Ist der Klimawandel ein reines Problem der Natur?
Bei weitem nicht. Wirtschaft, Politik und Gesellschaft sind gleichermaßen betroffen. Warum und wie man sich das vorstellen kann, verrät Helga Kromp-Kolb in ihrem neuen Buch, das ideal mit dem von Niko Paech korrespondiert.
So wie es ist, kann es nicht bleiben. CO2-Sparen ist nur ein Teil der Lösung. Wir müssen umdenken und brauchen dafür neue Zukunftsvisionen, die uns allen als erstrebenswert erscheinen.
Verzicht ist dabei ein großer Hebel – gleichzeitig auch einer, der gesamtgesellschaftlich große Verlustangst auslöst. Dabei ist einer derartigen Entwicklung einiges abzugewinnen, wenn man sich vor Augen hält, dass die Lebensqualität bei geringerem Lebensstandard wesentlich höher sein kann.
Keine Angst vor Reduktion, denn sie ist nur möglich, nachdem wir uns Fragen stellen wie:
Was brauchen wir wirklich?
Was möchten wir behalten?
Was können wir loslassen?
Diese Klarheiten können wahnsinnig bereichernd für unser Leben sein.
Wer ist für Zukunftsvisionen zuständig?
Die Wissenschaft als Instanz sieht sich nicht in der Position, visionäre Ideen für ein Leben in der Zukunft zu liefern, ihre Aufgabe liegt mehr in der Problemlösung als in kreativem Denken (wenngleich jeder wissenschaftliche Ansatz natürlich von einer als kreativ zu bezeichnenden Idee ausgeht, ist das eine andere Form der Kreativität).
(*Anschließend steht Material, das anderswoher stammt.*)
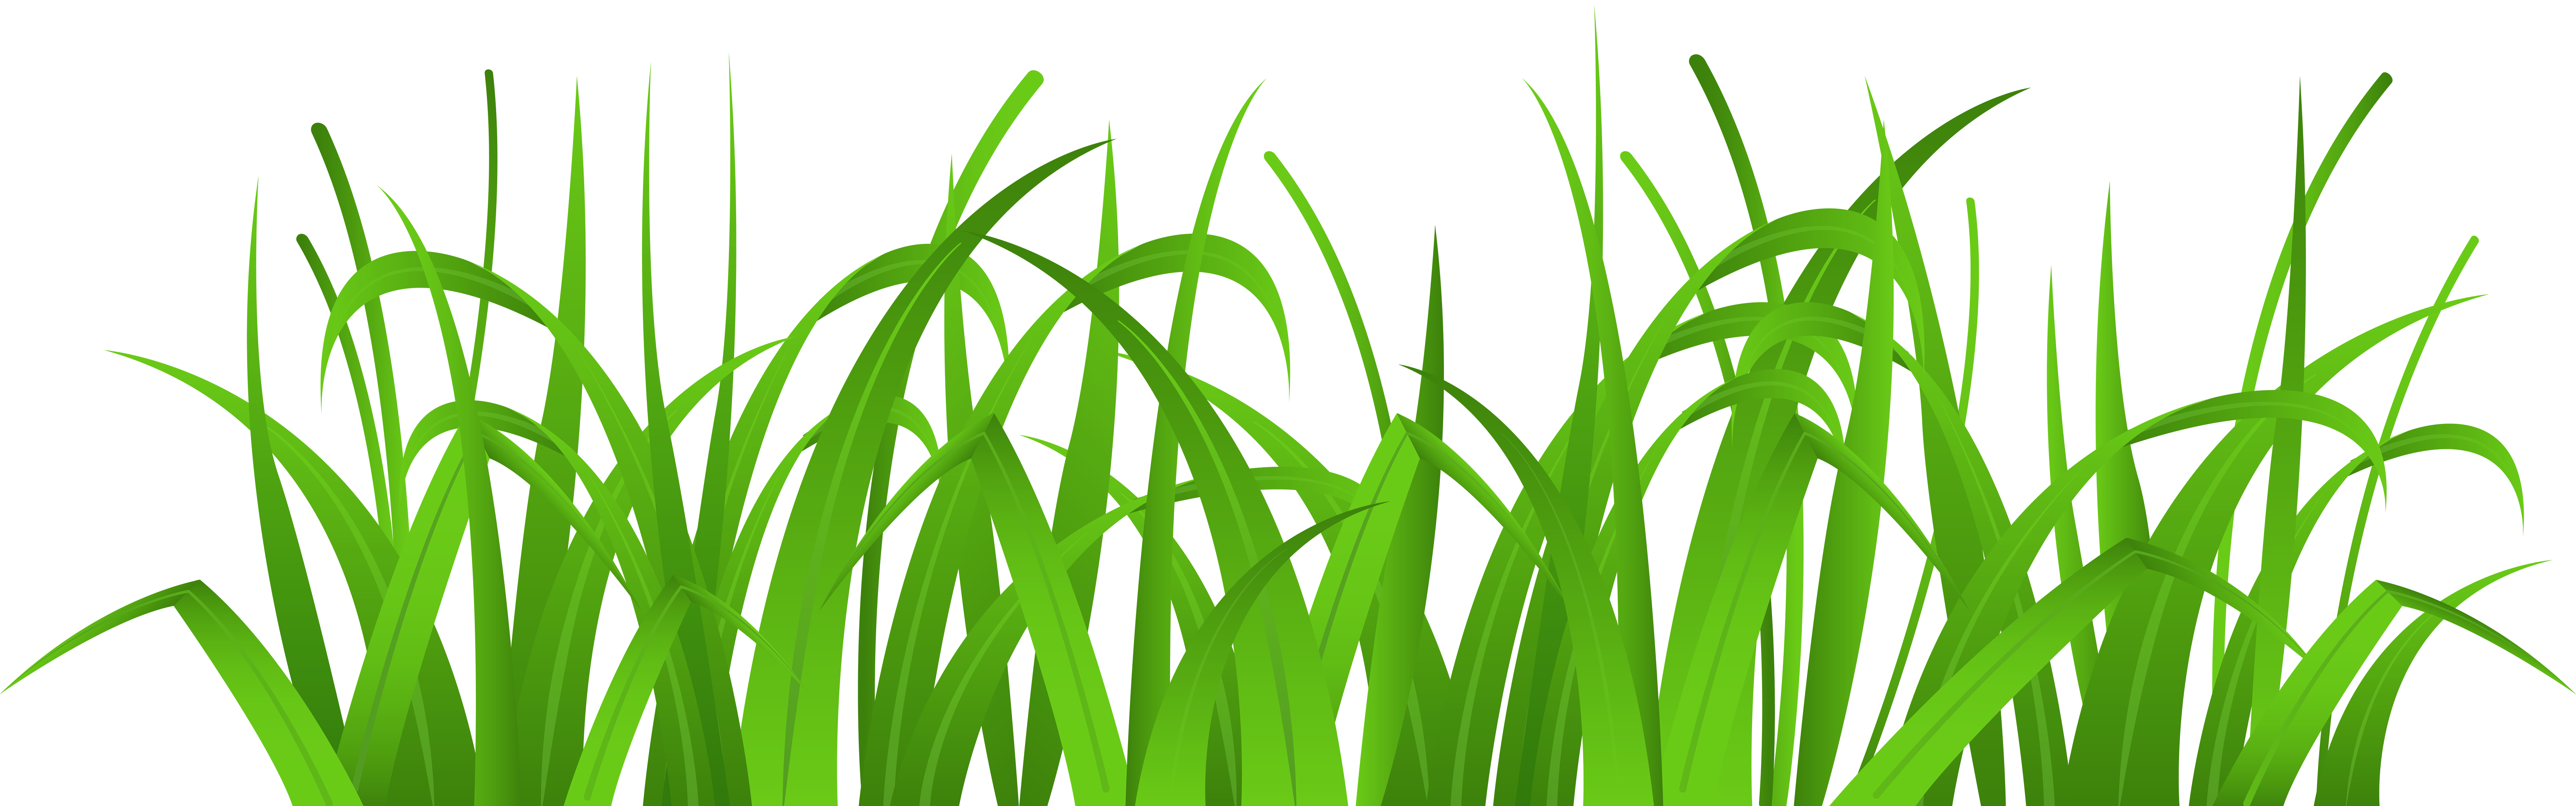 free grass pictures clip art - photo #46

Die Kunst wäre ein Mittel, uns Visionen näher zu bringen – sie kämpft ohnehin noch um ihre Rolle im klimabedingten Umdenkprozess.
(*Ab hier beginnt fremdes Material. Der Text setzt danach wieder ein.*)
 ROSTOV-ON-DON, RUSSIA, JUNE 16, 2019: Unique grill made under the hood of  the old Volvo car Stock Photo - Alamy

Die Politik sollte eigentlich Plattform für Menschen mit Zukunftsvisionen sein. Das würde allerdings voraussetzen, dass immer das große Ganze im Fokus bleibt und nicht persönliche Interessen, die Karriere und das Weiterkommen des Einzelnen. Hier müsste in diesem Fall die nächste Generation vor dem nächsten Wahlausgang stehen. Eine neue Kultur des „einer Sache dienlich-seins“ müsste salonfähig gemacht werden.
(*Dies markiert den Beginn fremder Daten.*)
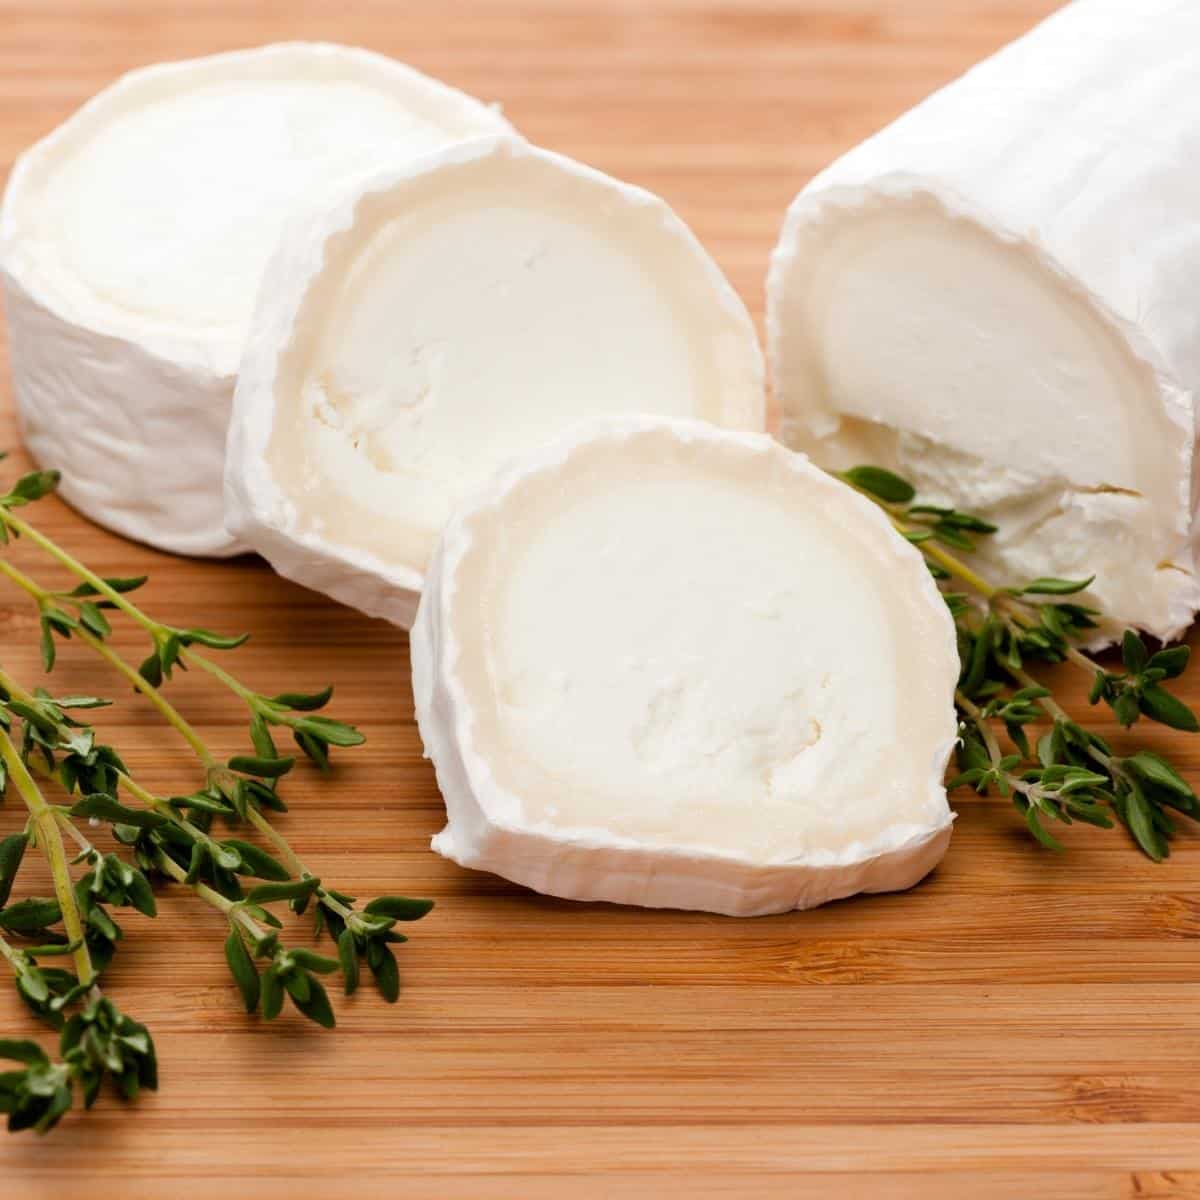 Slices of goat cheese for feezing.

Frieden ist Voraussetzung für Nachhaltigkeit
Helga Kromp-Kolb bringt das Bild eines Boots in dem wir alle sitzen und in das bereits Wasser läuft. Die einzige Lösung ist, dass wir gemeinsam schöpfen und möglichst zusammenrücken, denn es toleriert keinerlei Schaukelbewegung.
Eine gemeinsame Lösung ist die Basis allen Umdenkens und alles, was diese Basis ins Wanken bringt muss laut Helga Kromp-Kolb aus dem Weg geräumt werden. Passiert das nicht, rechnet sie mit Atombomben bevor wir den Hitzetod erleiden.
Wir stehen also vor einem gesellschaftlichen Problem
Die Auswirkungen des Klimawandels spalten die Gesellschaft. Die, die am meisten darunter leiden wohnen in den Hitzeinseln der Stadt auf engem Raum mit wenig Grün. Es sind die, denen es wirtschaftlich schlechter geht. Selbstverstärkende Mechanismen verschärfen die Kluft und führen sicherlich zu Auseinandersetzungen und in weiterer Folge zu Kriegen.
Es wird also immer klarer: Der Klimawandel ist in erster Linie ein gesellschaftliches Problem. Als solches ist natürlich die einzige Lösung eine gesellschaftliche.
In diesen Zeiten des Umbruchs wäre es also großartig eine Frage an die gesamte Gesellschaft zu stellen:
Wo wollen wir hin?
Das würde natürlich einen gesellschaftlichen Aushandlungsprozess anstoßen, der wünschenswert ist. Helga Kromp-Kolb vermutet sogar, dass die Lösung vielleicht gar nicht so schwer wäre, denn im Grunde könnte es sein, dass wir alle dasselbe wollen – und dafür sind drei Autos vor der Türe nicht zwingend notwendig.